Sunday, August 31, 2008

Today I love my Husband

Other days not so much, but this is what I came home to this afternoon.


For you who are unaware, my dining room has not always been green with such a pretty border. It was formerly striped wallpaper and apple border courtesy of my Mother in Law when she lived there. Nothing wrong with it, just not my thing. This is much more me, and he did a fantastic job :)

Monday, August 25, 2008

Some pictures

I have shamefully not posted many pictures lately, it's in this tired fog I'm walking around that I've forgotten. Accept my apologies.
























Wednesday, August 20, 2008

Man, you think to yourself

Why do people have more than one child? Don't get me wrong, I'm so in love with my girls I wouldn't trade them for anything.... but can we get some sleeping going on here? I swear when it's not one it's the other. Monday night Norah refused to sleep. I don't know what her deal was. I rocked her, I patted her, I tried feeding her AGAIN, I turned on her bear and her mobile... and finally I gave up. If all my effort wasn't helping, then obviously it was something she needed to work out on her own. So I went back upstairs and waited for the meltdown. She fussed on and off for probably 15 more minutes, and then apparently fell asleep. Which is fine, she wasn't melting down, Hannah wasn't awake, and we were ready for sleeping at a semi normal hour.

Fast Forward to 12:15am. I hear crying.... I assume it's Norah and head downstairs only to realize as I'm halfway there that it's HANNAH screaming like someone's hurting her. So I race into her room, and she stops when she sees me and says "I can't find my binky" Ugh, ok so we tear the bed apart, find the godforsaken binky and go back to sleep.
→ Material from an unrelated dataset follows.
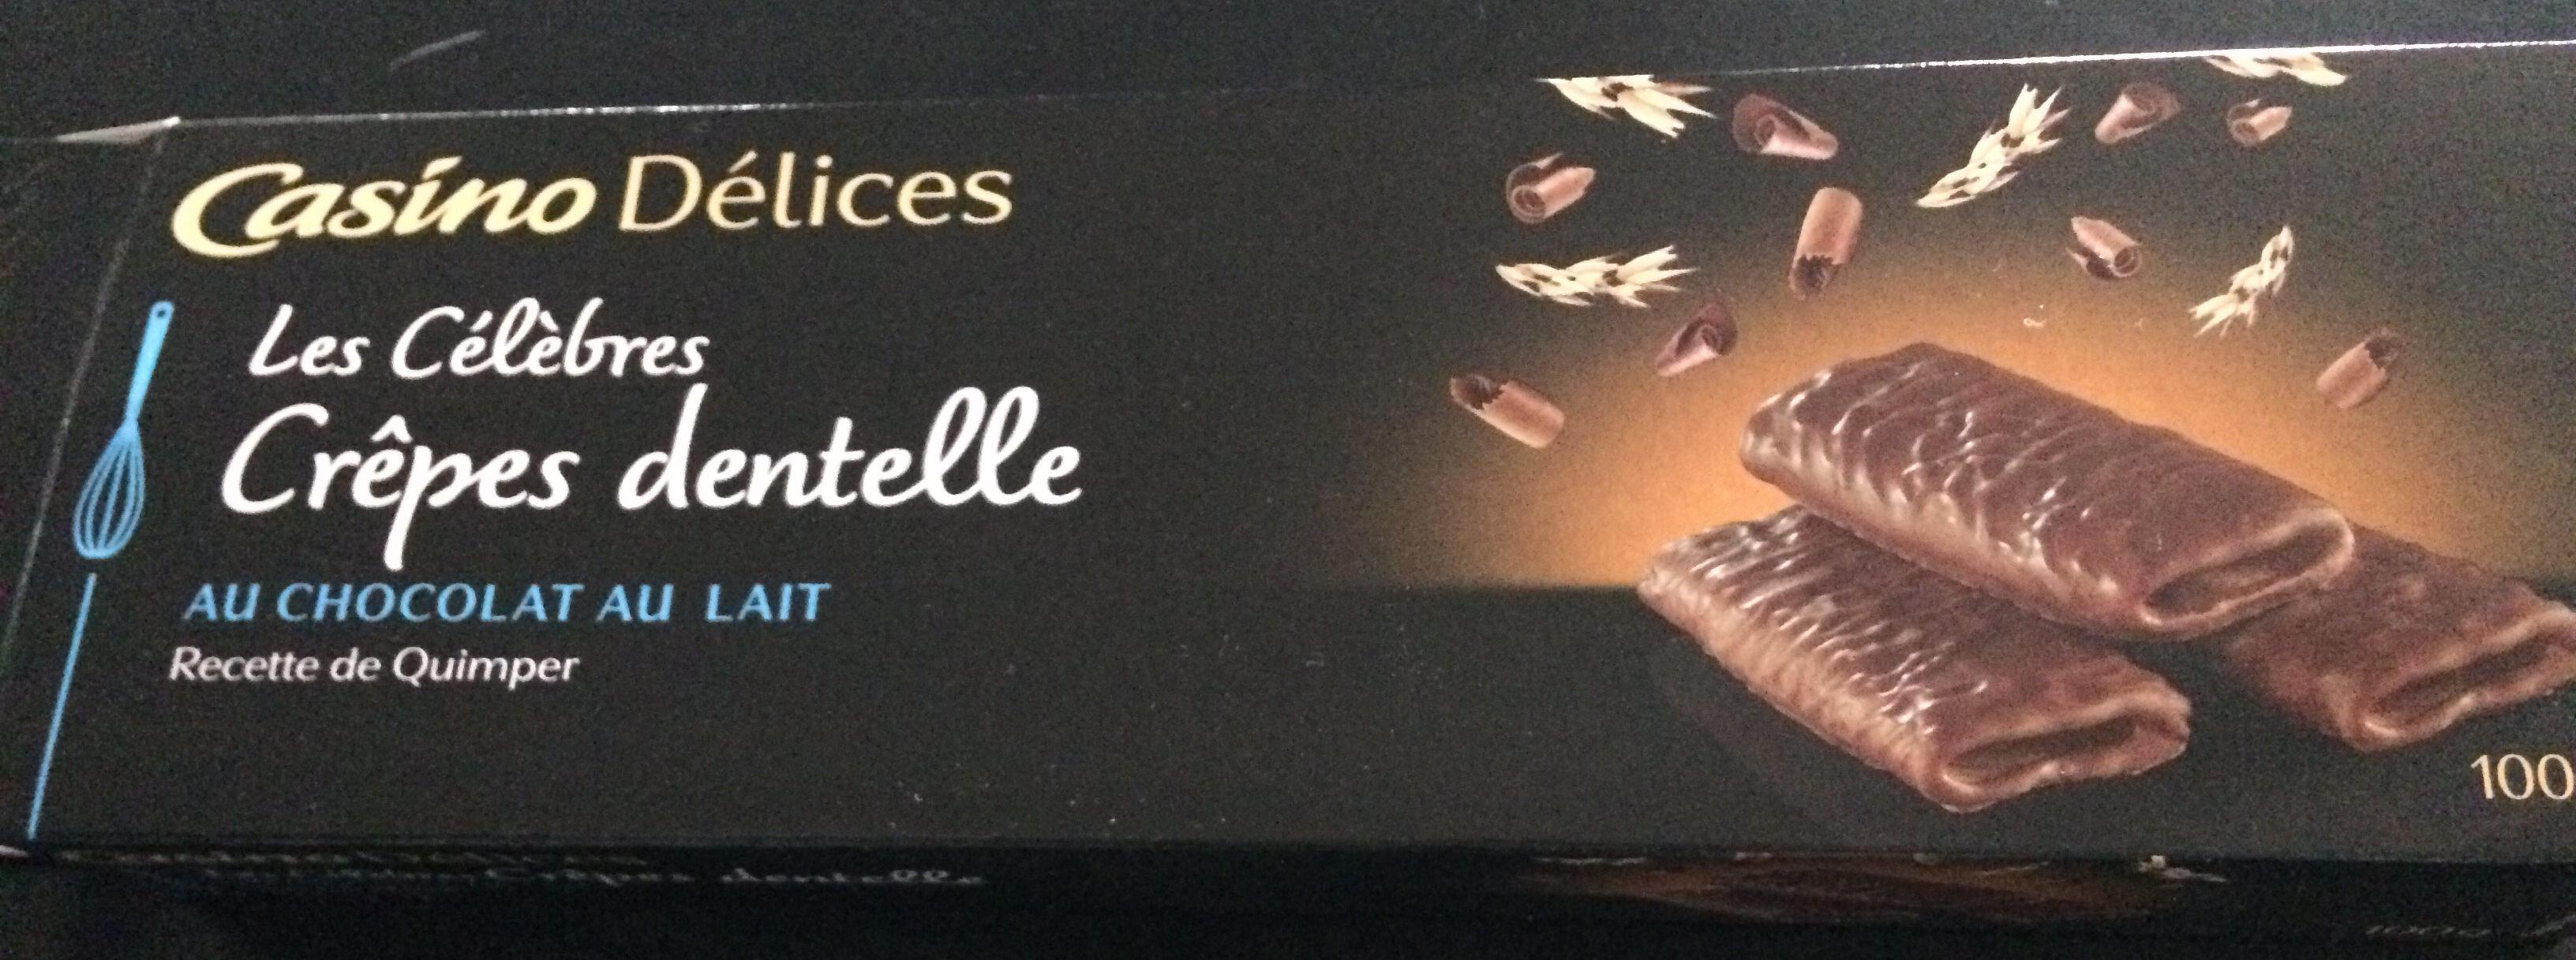 Crêpes dentelle au chocolat au lait - Product - fr

Until 4:30.... which as you will note from my previous post, is the same time Norah gets up nearly every morning. The feeding her at night only helps sporadically, so sometimes she sleeps until 5:30 or later, and sometimes she wakes up at 4:30.

I love my girls, but I'm waiting anxiously for the time when I'm not sleeping because it's TOO QUIET.

Friday, August 15, 2008

Second Babies

Yeah, so you think you have it all figured out because you already had one?

NOT

Ok so I've spent the majority of my week complaining to various friends about how I'm at the end of my rope with Norah waking up at 4:30am. Every.Single.Day. No matter what time she'd woken previously, 4:30am came, and she was awake.

Finally my ultra intelligent friend Joanna said "Maybe you should wake her earlier and feed her to break the 4:30am habit" Um, right because I haven't been feeding her.... she CAN sleep through w/o eating, but does that mean she's not hungry? Hello, this is your brain, I'm working again.

Yeah, so last night when she woke at 1:45, instead of rocking her back to sleep, I fed her. And shockingly enough, she slept until 5:15.

Tuesday, August 12, 2008

Life is good

Because even though you don't always feel like it is, it still is.

Hannah and Norah spent Saturday night away from home together. It went shockingly well, even though I was the paranoid mom calling to make sure things were fine. Norah didn't eat well, but she slept wonderfully and wasn't too much trouble. I think she'll definitely be going again, though possibly not until she gets more into eating solid food.

Steven and I had a very nice time hanging out together. We did errands, started our Christmas shopping, had dinner, played mini golf, and got ice cream. We also got to sleep uninterrupted and just be together alone for the first time in darn near six months.

Thursday, August 7, 2008

Nerves

So it's Thursday, and what am I doing. Sitting here worrying about Saturday. Why you ask, because most people look forward to the weekend. And I am, but I'm worried. Saturday morning I am taking both girls to my Mom's for an overnight visit. Hannah will be fine, to be sure. She asks to go to Meema's house daily. Norah on the other hand is a handful and it makes me worry. She still fusses about eating from anyone but me. She sleeps unswaddled, but not fabulously. And Hannah and Norah will be sharing a room. So I'm nervous. But so far not nervous enough to cave to it and keep her home. I'm tired. And I want an uninterrupted night of sleep, my first in a VERY long time. Selfish? Yep, but I think I'm entitled now and again.

Monday, August 4, 2008

My baby grew up

Last week Steven called from work to tell me that Szetela had a spot for Hannah and that she could start preschool on September 8. My baby cannot possibly be old enough to go to school. When did that happen?


She's so excited, she asks every day if she's going to school today. When we go to the van to go somewhere, she tells me I'm taking her to school. So I guess despite my misgivings about having a baby old enough to attend school, she's ready.


My "baby" also got a new bed yesterday. A real big girl bunk bed, in anticipation of the girls someday sharing a room so we'll have somewhere for their toys and the computer. She insisted on sleeping up on top, even though no one will need the bottom for quite a while. She is thrilled with her new bed, and I must admit it certainly looks nice in her room.